In Great Jobs in the President’s Stimulus Plan, I selected eight industries that the ARRA was designed to promote: construction; education; energy; health care; management, scientific, and technical consulting services; manufacturing; scientific research and development services; and wholesale trade. I identified 300 occupations that are important in these industries and that had reasonably good outlook projections. This set of 300 included some occupations (such as Technical Writers, Sales Engineers, and Industrial Truck and Tractor Operators) that are not closely linked to any of the eight industries but are important across industries. These 300 occupations, taken from the O*NET-SOC taxonomy, represent 267 unique SOC occupations for which it is possible to obtain workforce statistics.

Now let’s look at the scorecard of how my picks performed during the recovery. The baseline for comparison is 3.4 percent. That is, the workforce of all occupations grew by 3.4 percent between May 2009 and May 2014. My set of 267 SOC occupations, the “great jobs,” grew by an overall average of only 2.5 percent—in other words, did a bit worse than the workforce as a whole.

It’s interesting to note which industries grew better than others. The jobs I picked from the management, scientific, and technical consulting services sector actually shrank by an average of 1.2 percent. The education jobs grew by only 1.6 percent; the construction jobs by 2.5 percent; and the wholesale trade jobs by 3.4 percent. The other industry groupings of jobs in the book grew faster than the workforce-wide average of 3.4 percent. Most notably, the energy jobs grew by 7.8 percent and the manufacturing jobs by 8.2 percent.

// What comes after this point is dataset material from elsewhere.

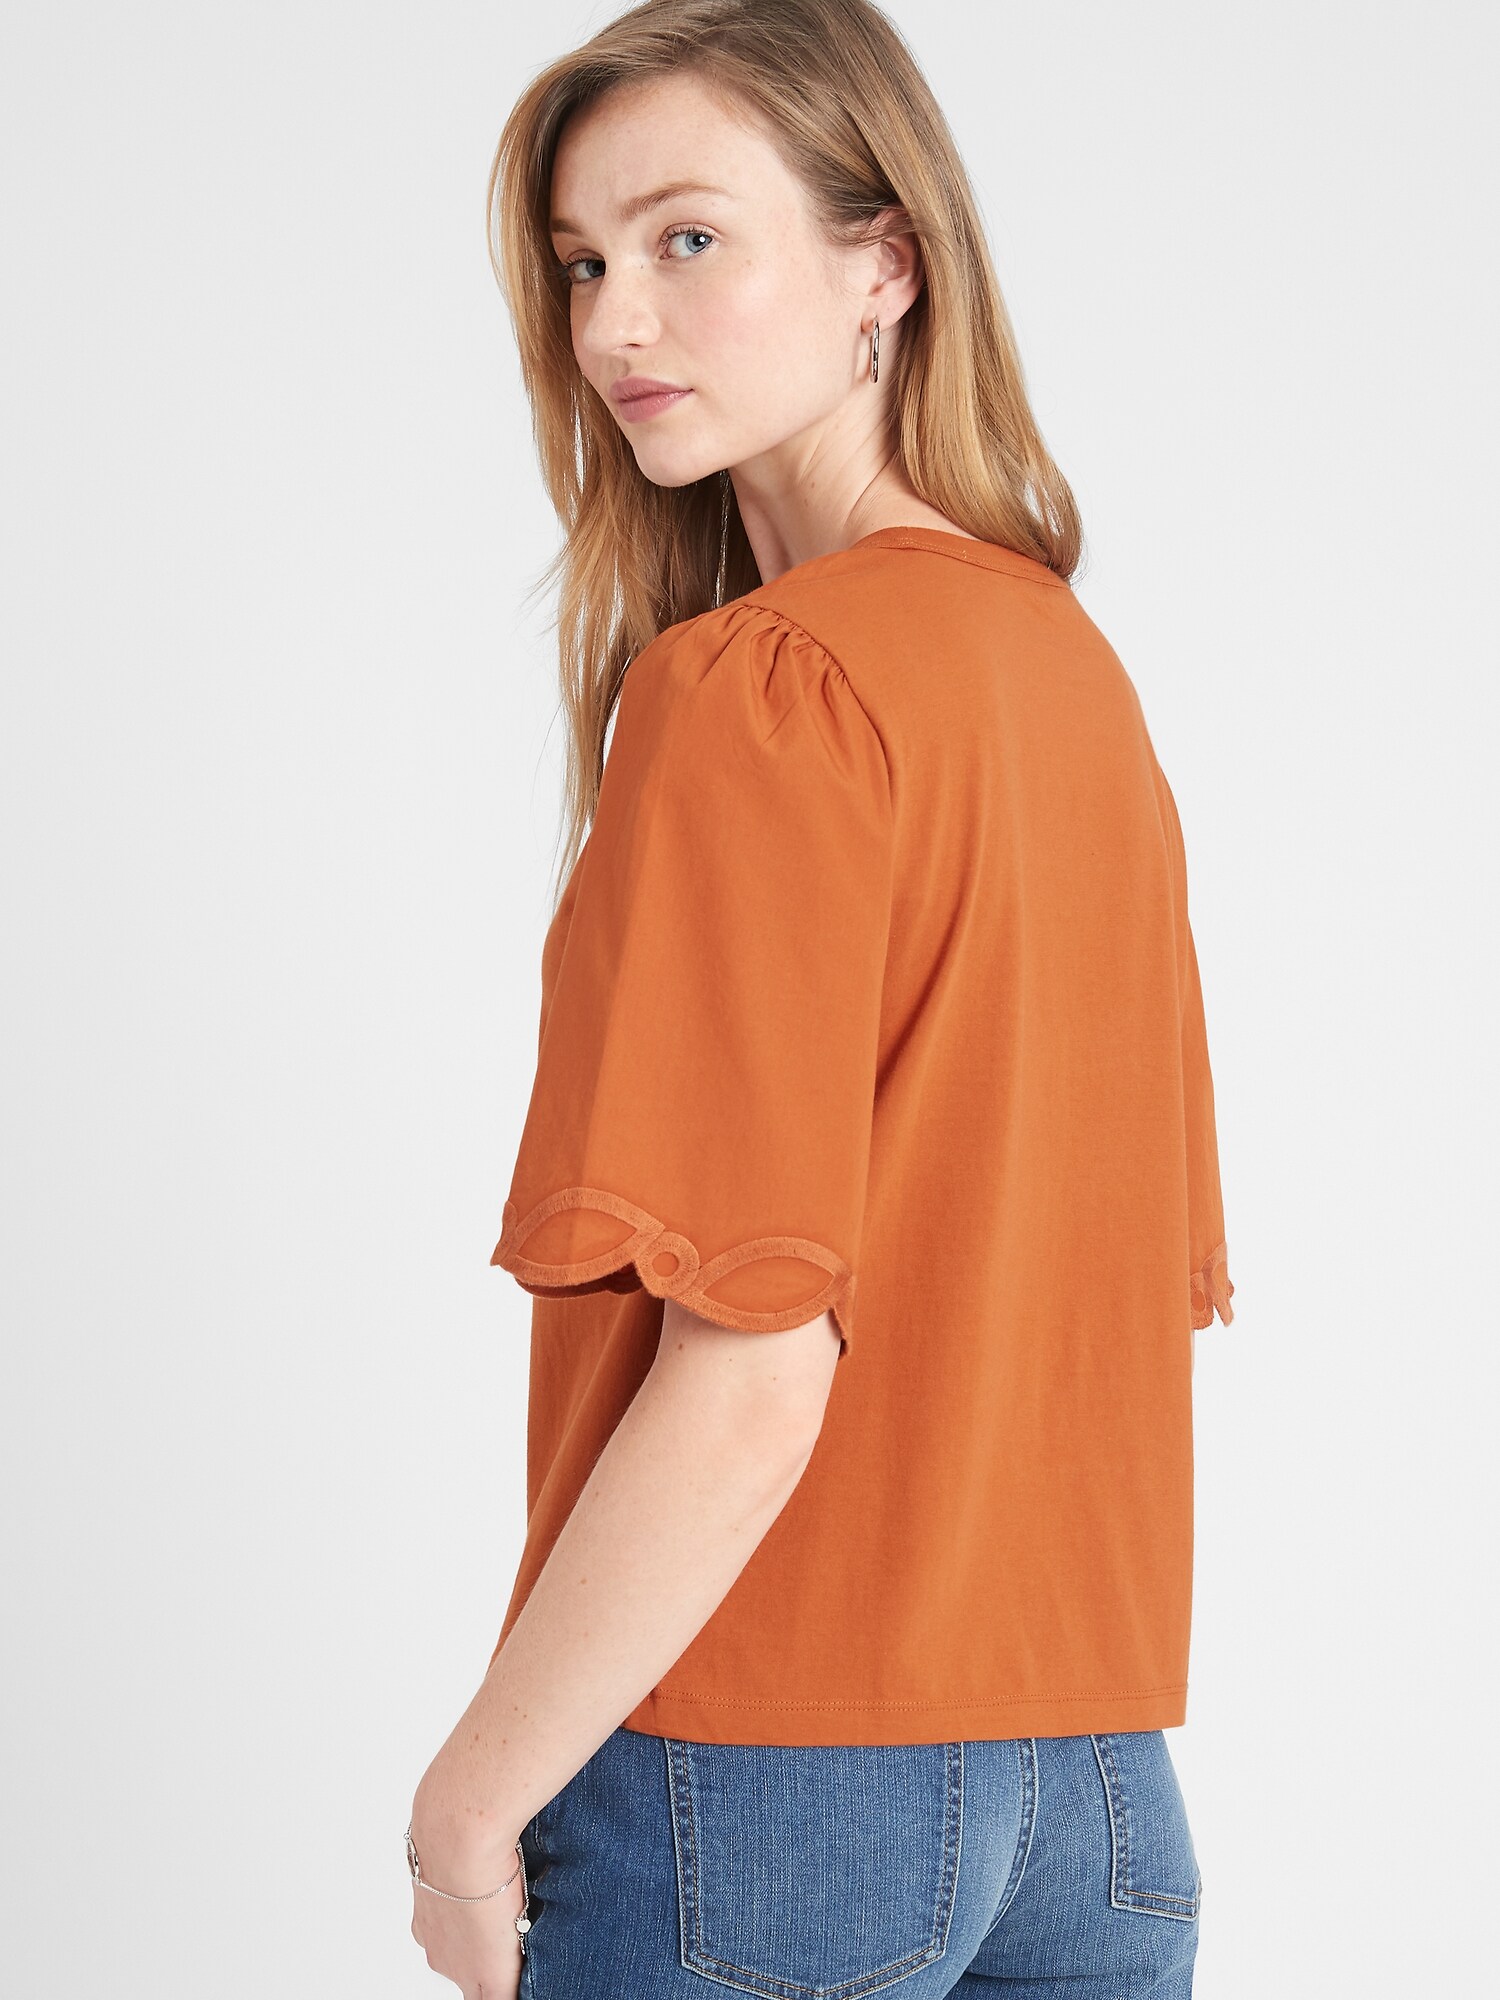 Embroidered-Sleeve T-Shirt

But recall what I said earlier about how the stimulus plan was designed to boost the sectors of the economy with the best prospects for long-term growth, and about how occupational choice should be based on long-term prospects. For the long term, the baseline is 10.8 percent—that’s how much the workforce as a whole is projected to grow between 2012 and 2022, the latest forecast available from the BLS. Against this baseline, the occupations I chose for the book score much better. The 267 unique occupations in the book have average projected growth of 13.6 percent over this long term.

In fact, of all the industries into which I grouped the occupations, only one is projected to fare worse than the average for all occupations: wholesale trade. The occupations that I chose from this sector are projected to grow 10.7 percent (one tenth of a percent slower than the baseline). My picks in all the other industry groupings are projected to grow faster. The occupations I picked in two industry groupings have especially rosy outlooks: In scientific research and development services, the occupations are projected to have 20.1 percent growth; in health care, 25.2 percent.

One lesson to take away is that it can take many years for an economic stimulus policy to take full effect, and it can also take many years before an individual’s career choice turns out to be a good one. Before making a choice, learn about the long-term economic trends for the occupation. And while you’re at it, don’t look only at the economic trends. Also consider the trends in work conditions.